## Dataset extract
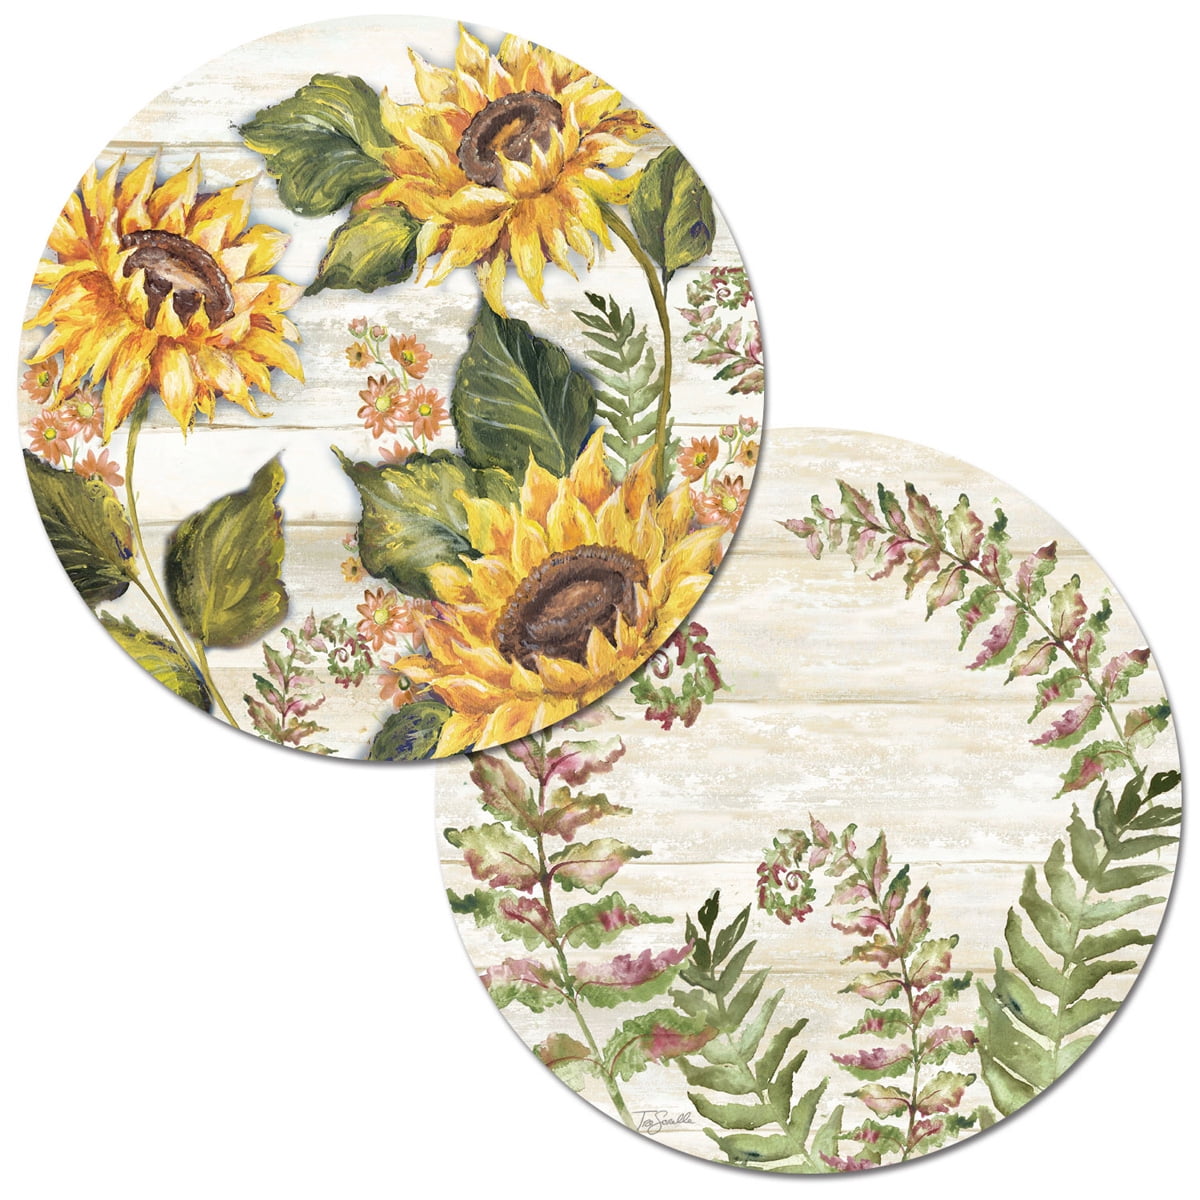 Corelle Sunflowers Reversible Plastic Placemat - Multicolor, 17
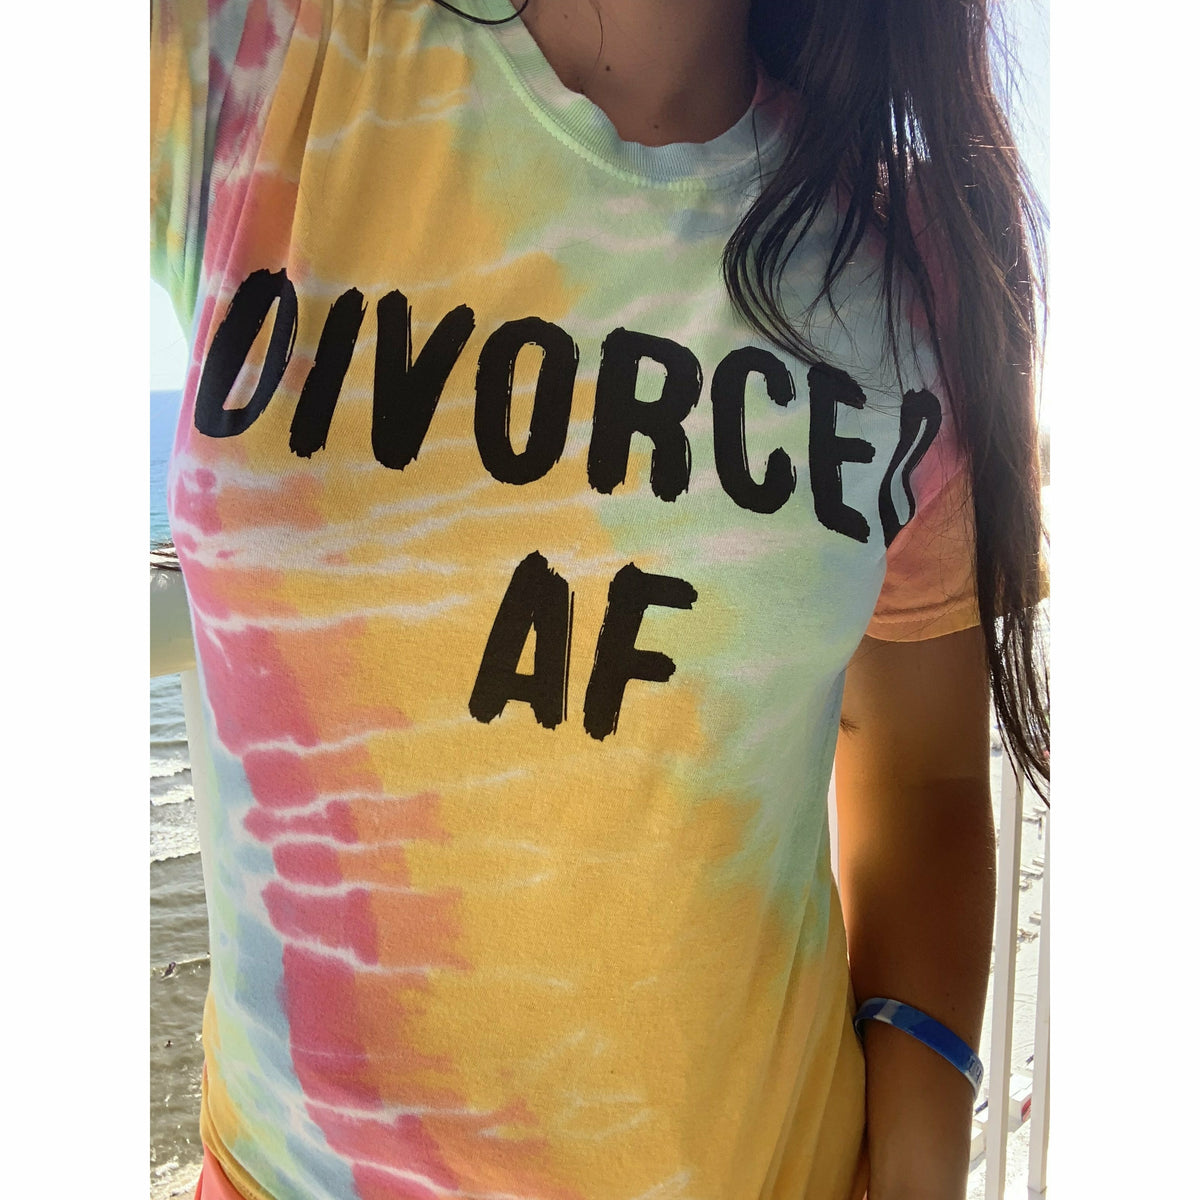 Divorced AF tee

==

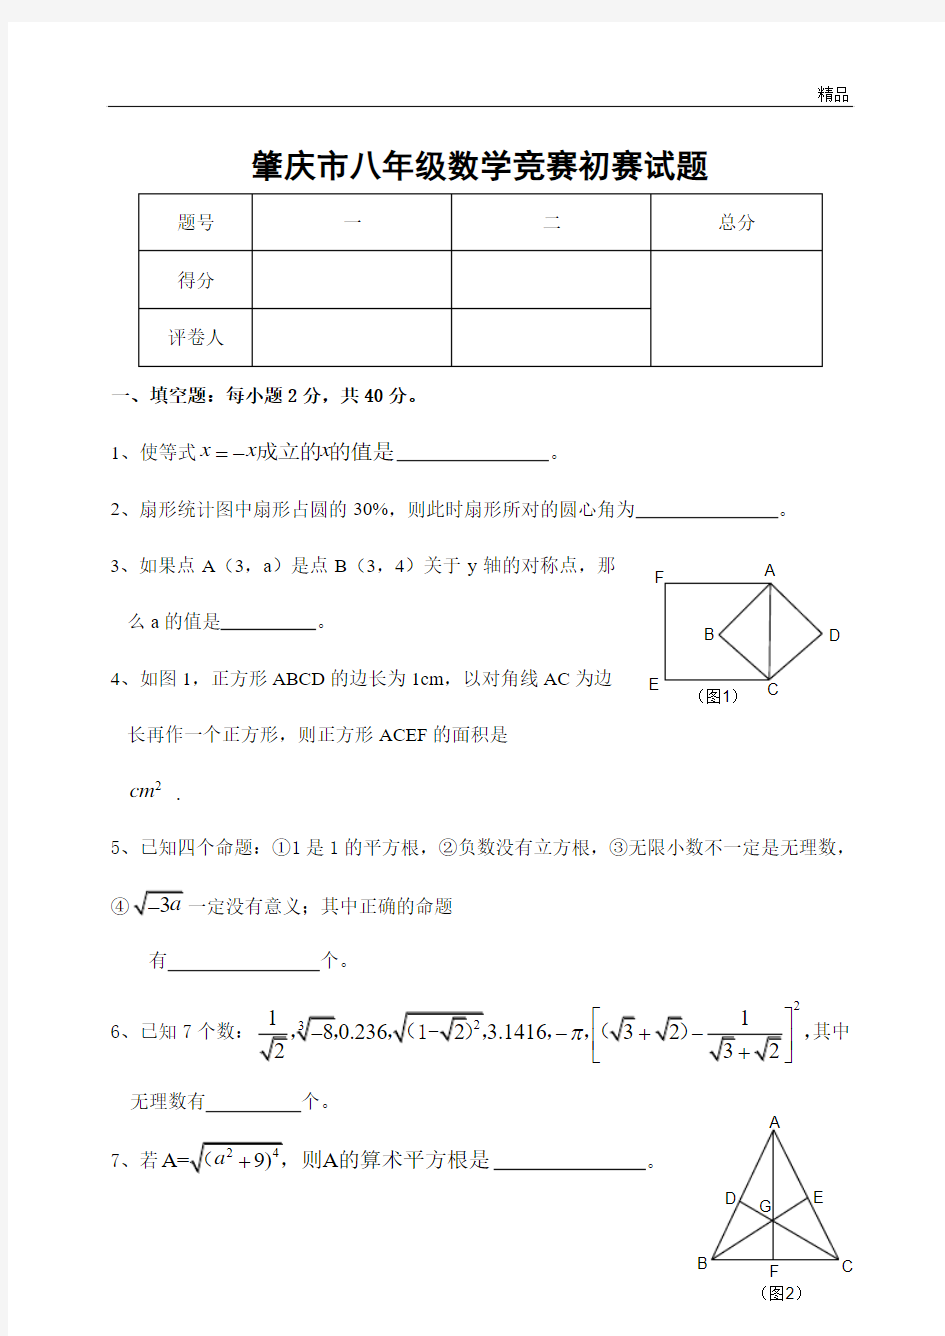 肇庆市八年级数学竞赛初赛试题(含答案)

---

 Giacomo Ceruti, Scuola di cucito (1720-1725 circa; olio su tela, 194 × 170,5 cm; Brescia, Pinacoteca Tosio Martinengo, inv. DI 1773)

## Work item
Starting at the line above that holds "Corelle Sunflowers Reversible", return each line up to and including the one that holds "Divorced AF tee", exactly as written, minus any pictures.

## Solution to this task
 Corelle Sunflowers Reversible Plastic Placemat - Multicolor, 17
 Divorced AF tee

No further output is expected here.